Modern homes have a grounding conductor to protect the home and its occupants from electrical hazards such as shocks, which can result from a fault within an electrical system. This protective measure did not exist several decades ago. How can you be certain that the home you wish to buy has this feature? Check the wall sockets/receptacles. Wall outlets that have three prongs normally have a ground connection. Two-prong power outlets lack a ground conductor. You can go ahead and open one of the outlets in order to confirm that three wires are connected inside that receptacle.

Circuit Breakers

Outdated electrical systems rely on fuses to cut the power supply in case an anomaly such as an overload occurs. Modern homes have circuit breakers to perform that role. Fuses have several shortcomings that led to their abandonment in newer systems. First, they made system maintenance costly because one had to buy a replacement fuse each time the existing one was activated and blew. Secondly, it was very easy to replace the old fuse with another of a dissimilar capacity, since most of those fuses rated for domestic use could fit any circuit. This left the home exposed to electrical fires if bigger fuse was used to protect a circuit that could only handle a small electrical load. 

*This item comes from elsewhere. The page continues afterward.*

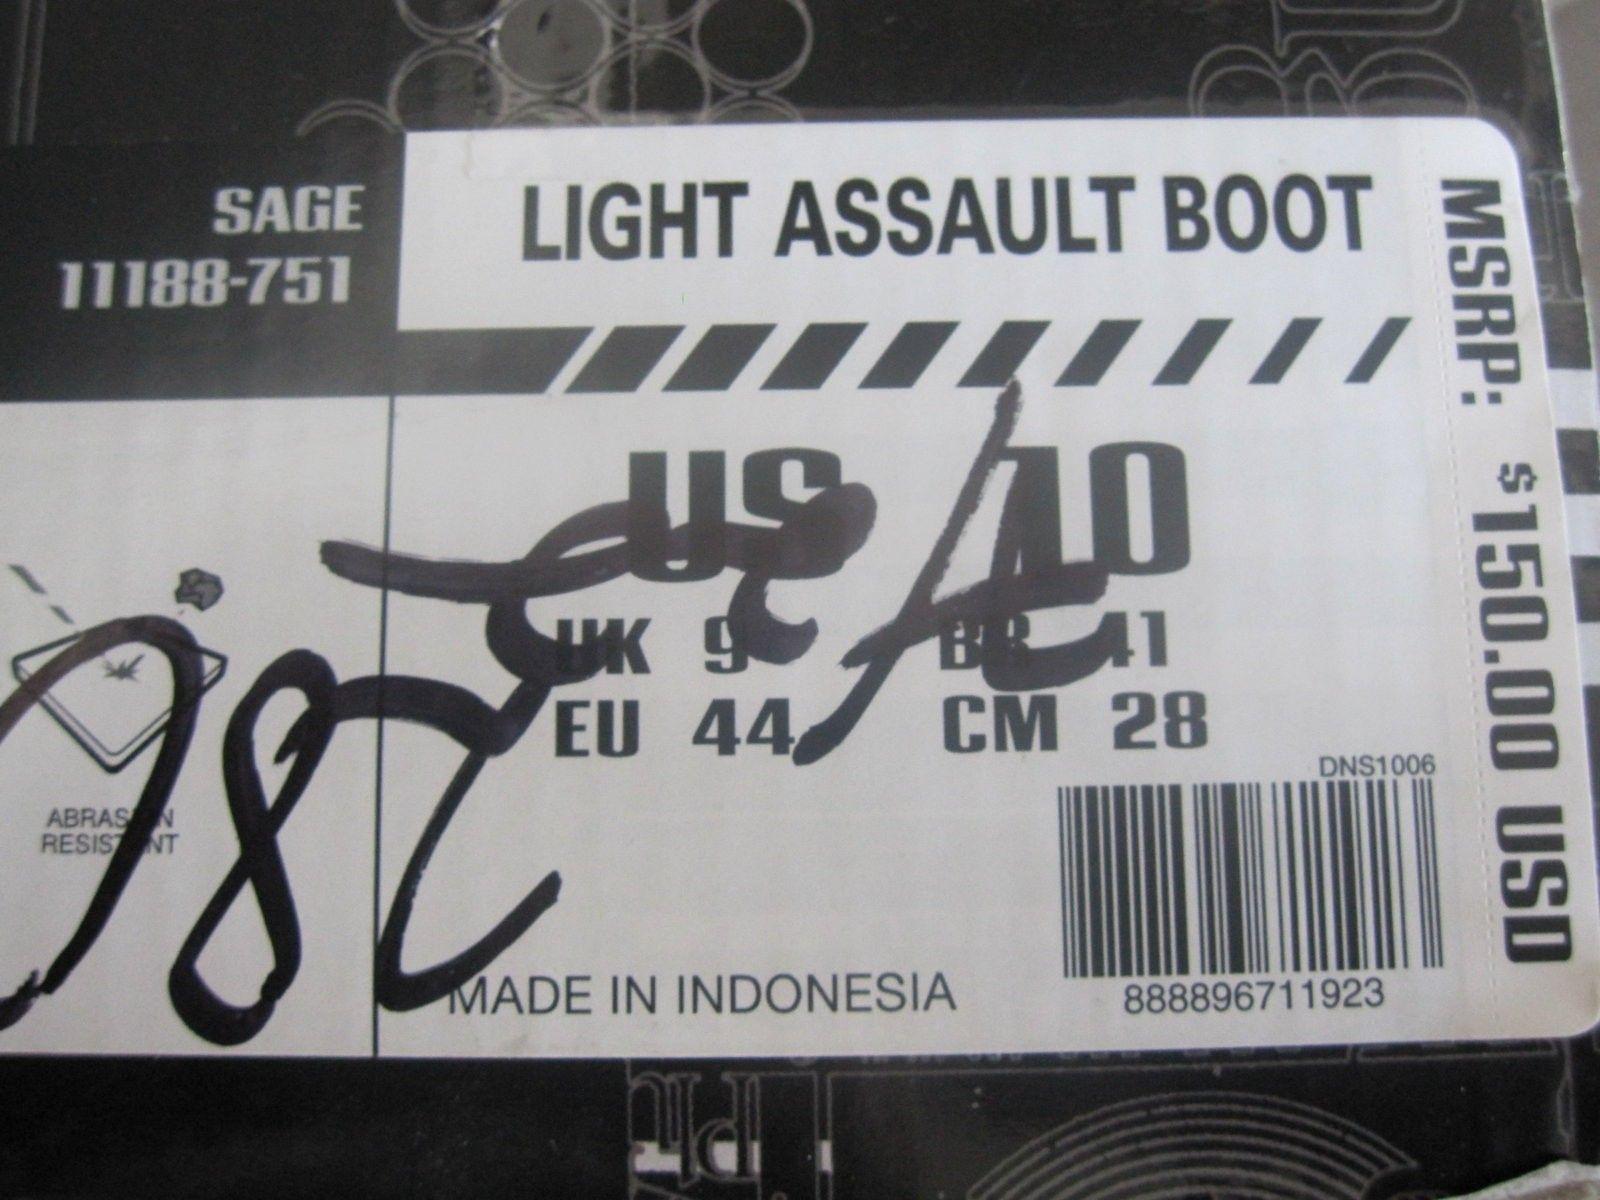 BNIB Light Assault Boots II - Size 10, color Sage Green Air Force - IMG_5036.JPG

Circuit breakers are a better option because one can reset the same breaker after it has tripped. Confirm the presence of a circuit breaker by opening the electrical panel of the home. Check for screw-in glass fuses that have a visible wire inside the glass. Breakers have an off and on position to signify whether the breaker has tripped or not.

Polarised Outlets

Modern appliances and electronics are very sensitive to the power supply running through them. It is therefore important to avoid making any errors when plugging cables into an outlet. Polarised outlets make this possible. One side of the outlet has a larger opening than the other side. This configuration matches the construction of polarised plugs on appliances. Outdated systems don't have these polarised outlets.

What should you do when you see one or more indicators of outdated electrical systems in that house that you want to buy? Talk to an electrical contractor about your concerns. That expert will check for other features of non-compliant electrical systems, such as aluminium wiring, before advising you about what steps will be needed to change the wiring so that you are protected from any risk caused by an outdated electrical system.